Deload Weeks
Planned recovery weeks to dissipate accumulated fatigue and maximize long-term progress.
What is a Deload?
A deload is a planned week of reduced training stress designed to dissipate accumulated fatigue so your body can express its underlying fitness gains.
Think of it as stepping on the scale: fatigue adds false weight, masking the muscle you've built. A deload removes that weight so you can see your real progress — and come back stronger.
Why You Need Them
Fatigue accumulates faster than fitness improves.
Each hard training session creates:
- Fitness adaptations (muscle growth, strength, neural efficiency)
- Fatigue (CNS, connective tissue, mental, inflammation)
Both compound over weeks. At some point, fatigue starts to mask fitness — you feel weaker even though you're actually stronger underneath.
A deload week:
- Preserves fitness (trained at 50-60% intensity)
- Dissipates fatigue (CNS, joints, tendons, recovery systems reset)
- Returns you stronger than you were before
When to Deload
Option A: Planned (recommended for beginners)
- Every 4th week
- Schedule it regardless of how you feel
- Prevents overreaching before it happens
Option B: Autoregulated (intermediate+)
- Based on fatigue signals:
- RPE climbing at same weights over 2-3 weeks
- Sleep deteriorating
- Motivation dropping
- Joints aching
- Performance plateauing
The app's program for Amelia uses every 4th week deload — simple and effective for beginners.
How to Deload
Reduce training stress while maintaining movement patterns:
| Variable | Normal Week | Deload Week |
|---|---|---|
| Weight | 100% | 50-60% |
| Sets | 3-4 per exercise | 2-3 |
| Reps | 8-12 | 5-8 |
| RPE | 7-8 | 4-6 |
| Frequency | 2-3x/week | Same |
| Intensity | High | Low |
Keep doing the same exercises so you don't lose motor patterns.
Example Deload (Amelia's Program)
Normal Week 3 (Day A):
- Lat Pulldown: 3 × 12 @ 30 kg (RPE 8)
Deload Week 4 (Day A):
- Lat Pulldown: 2 × 8 @ 18 kg (RPE 5)
You still train, still move, still log, but you leave everything in the tank.
What to Avoid
❌ Skipping workouts entirely You lose movement pattern practice and momentum.

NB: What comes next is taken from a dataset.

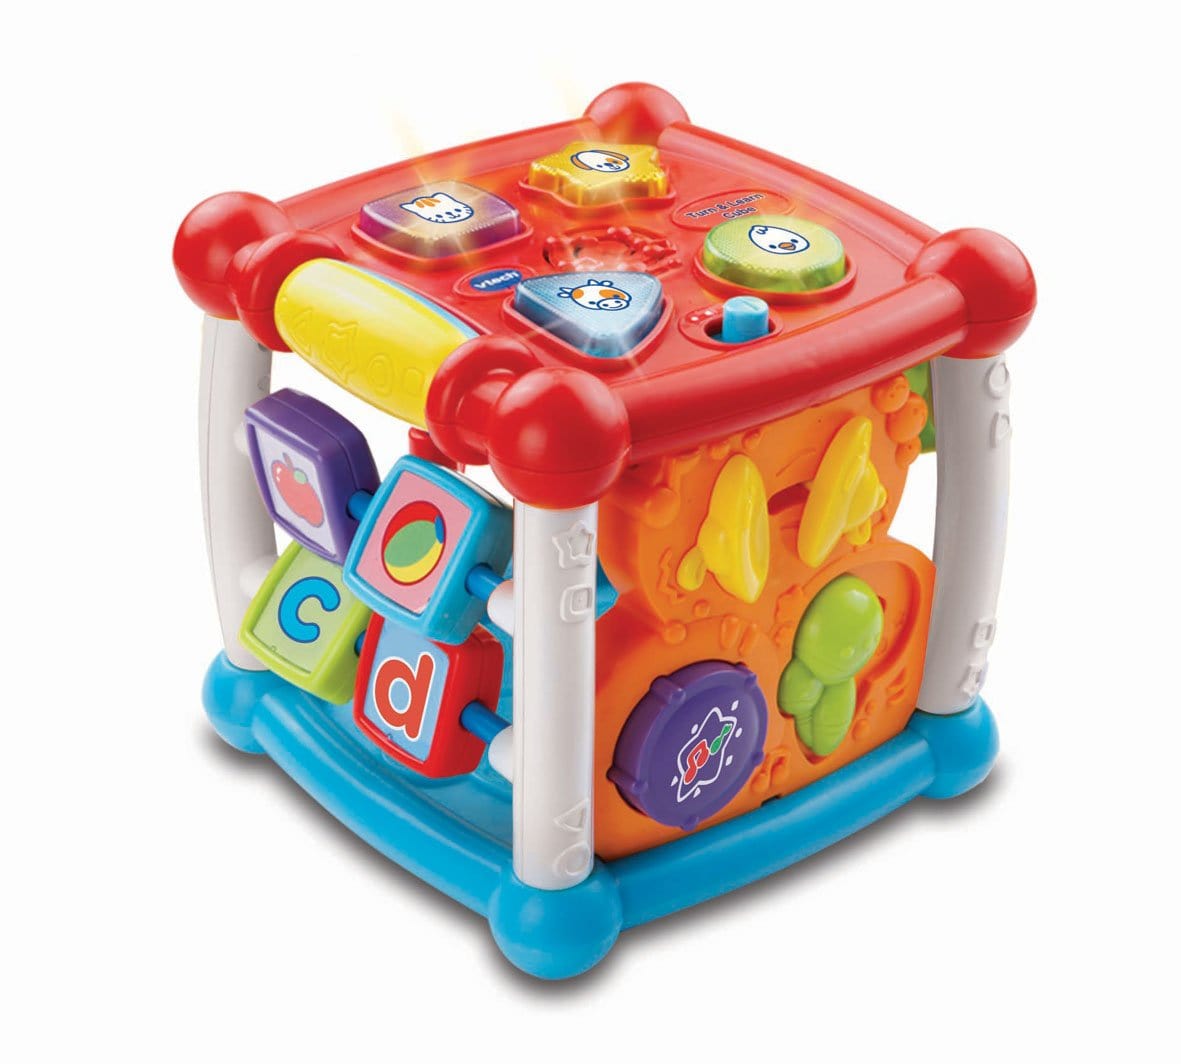 Turn & Learn Cube by VTech Hong Kong Toy

Deloads are active recovery, not rest weeks.
❌ Training to failure on deload Defeats the purpose. If you're at RPE 8+ on deload, it's not a deload.

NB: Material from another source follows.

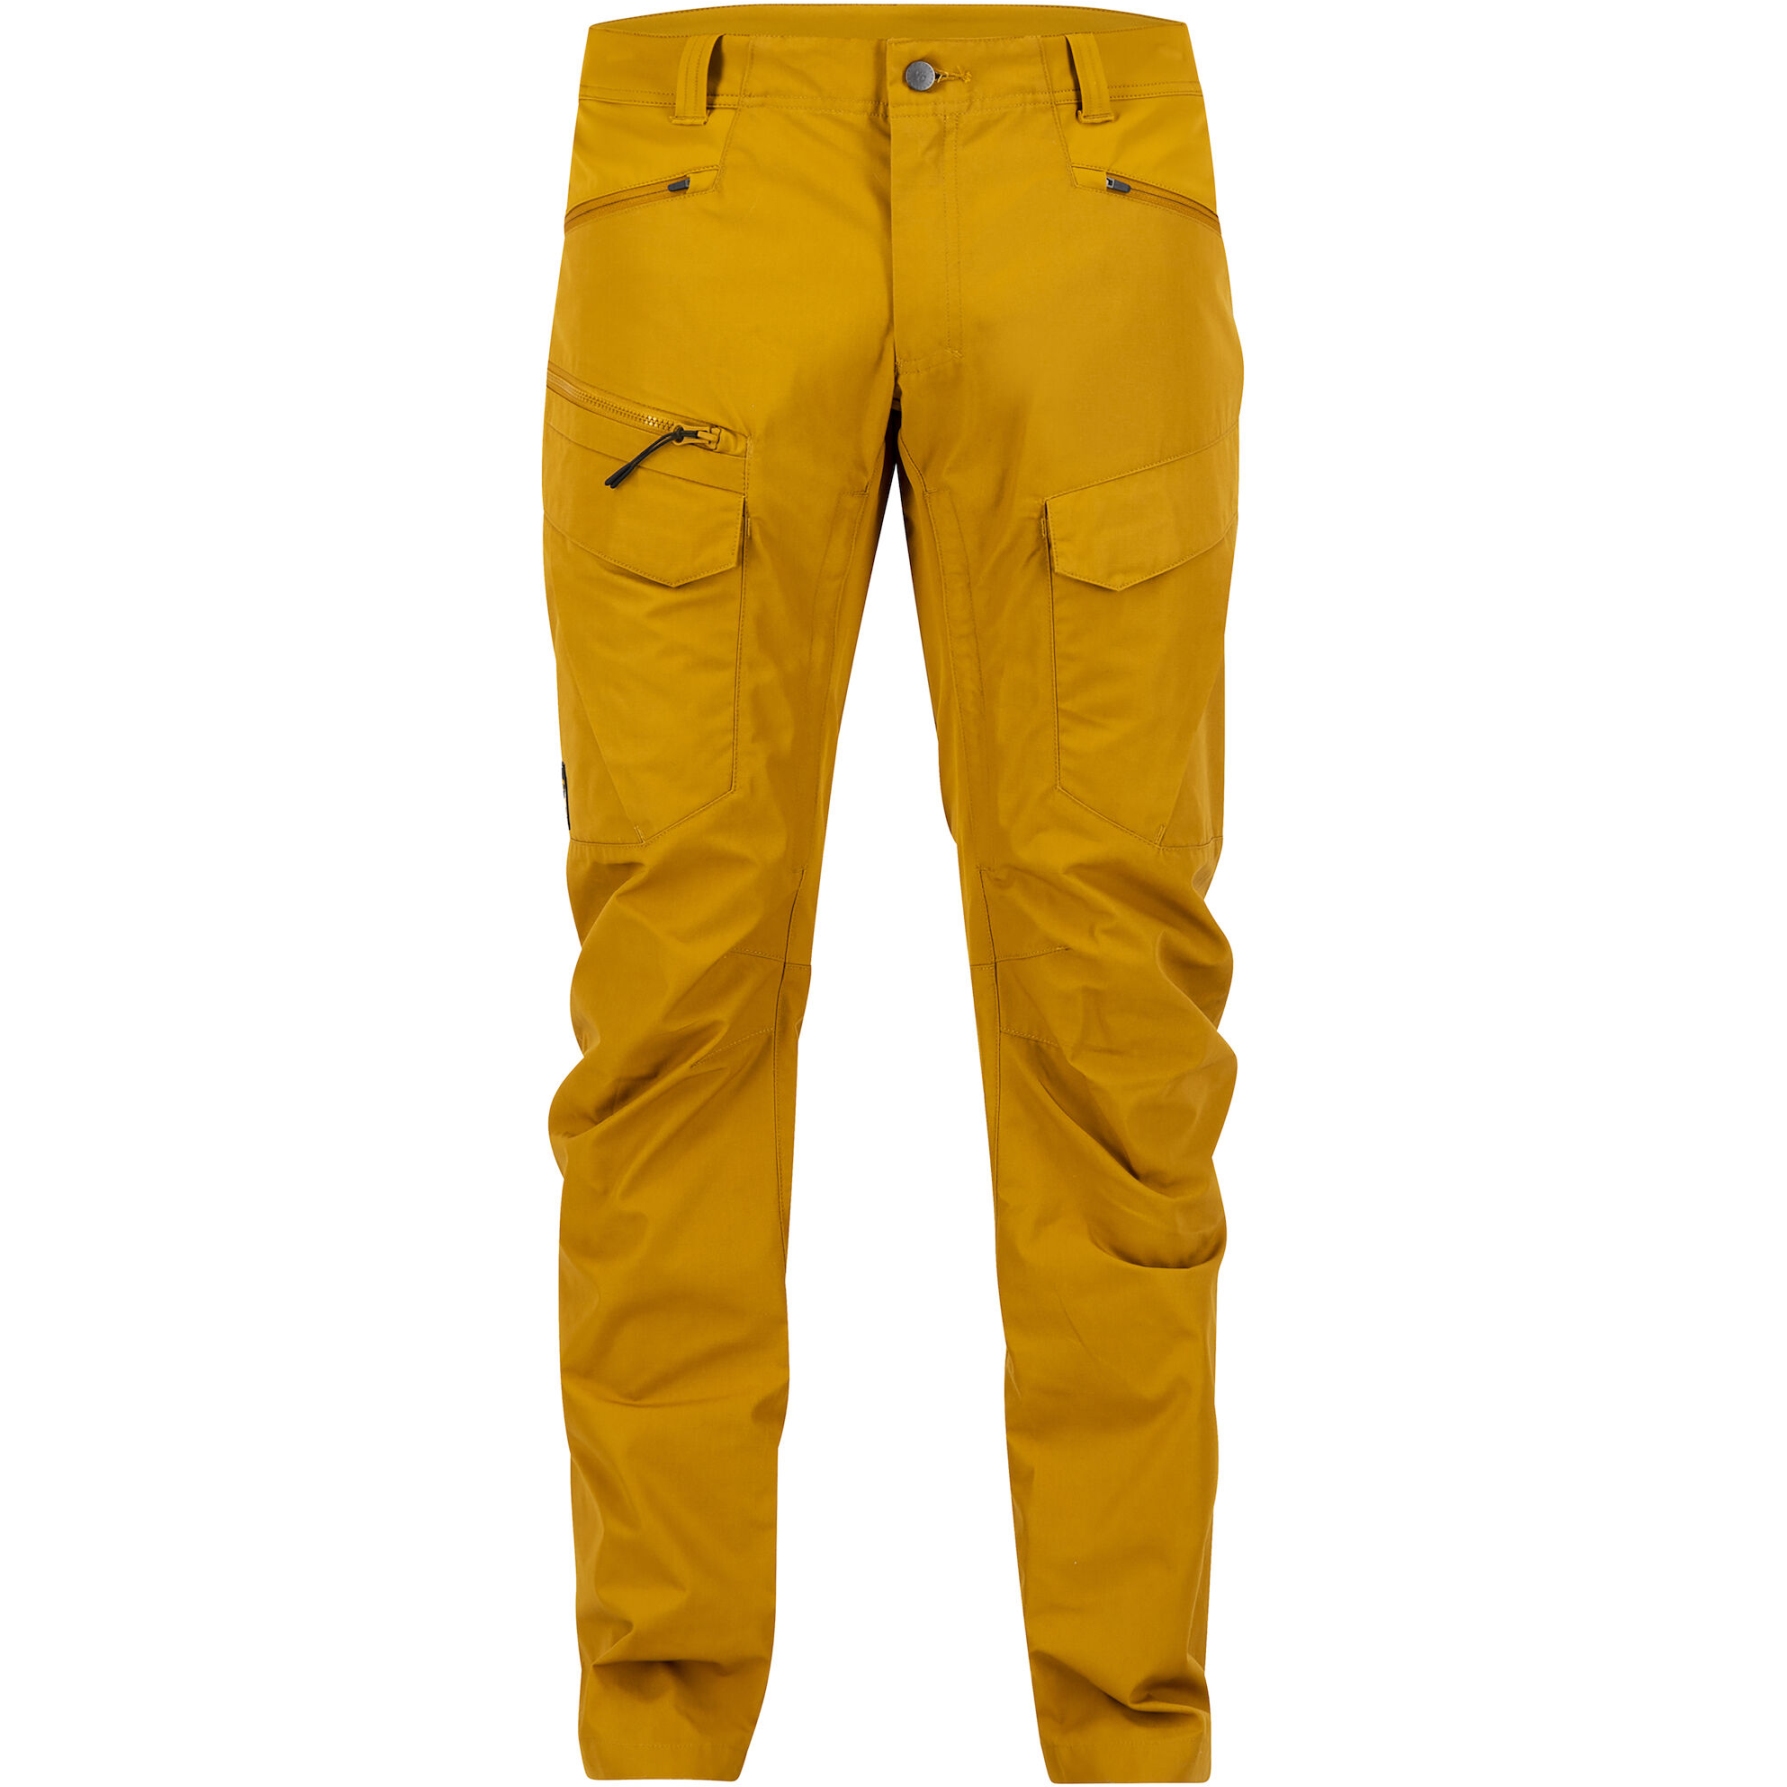 Picture of Lundhags Fulu Cargo Hiking Pants - Dark Gold 006

❌ Skipping deloads because "I feel fine" You'll pay for it eventually. Planned deloads prevent forced deloads.
❌ Adding cardio or new stressors The point is to reduce total stress, not swap strength for HIIT.
What to Add
✅ Extra sleep (aim for 8-9 hours) ✅ Mobility work — 10-15 min stretching, foam rolling ✅ Easy cardio — walking, light cycling ✅ Stress management — less work stress if possible ✅ Nutrition — maintain calories, hit protein target
After the Deload
Week 5 (back to normal training):
- Resume at the weights you were at in Week 3 (pre-deload)
- First session back should feel easier than before the deload
- That's the fatigue dissipating, fitness coming through
Common result: The weight that felt RPE 8 before the deload now feels RPE 6-7. Time to add weight.
Mental Benefit
Deloads are also a mental reset. Constant high-intensity training is mentally draining. Knowing you have a deload coming makes hard weeks easier to push through.
Variations by Experience
| Training Age | Deload Frequency |
|---|---|
| Beginner (0-1 year) | Every 4-6 weeks |
| Novice (1-2 years) | Every 4 weeks |
| Intermediate (2-4 years) | Every 3-4 weeks |
| Advanced (4+ years) | Every 3 weeks, sometimes 2-week block |
The stronger you get, the more fatigue each session produces — more frequent deloads needed.
Summary
Deloads aren't about being weak. They're about being smart.
One deload week every month preserves long-term progress far better than pushing through accumulated fatigue until you get injured or burn out.
References
- Peterson et al. (2005). Applications of the dose-response for muscular strength development. JSCR.
- Bell et al. (2022). Effects of Auto-Regulating Prescribed Training Intensity on Post-activation Performance Enhancement. JSCR.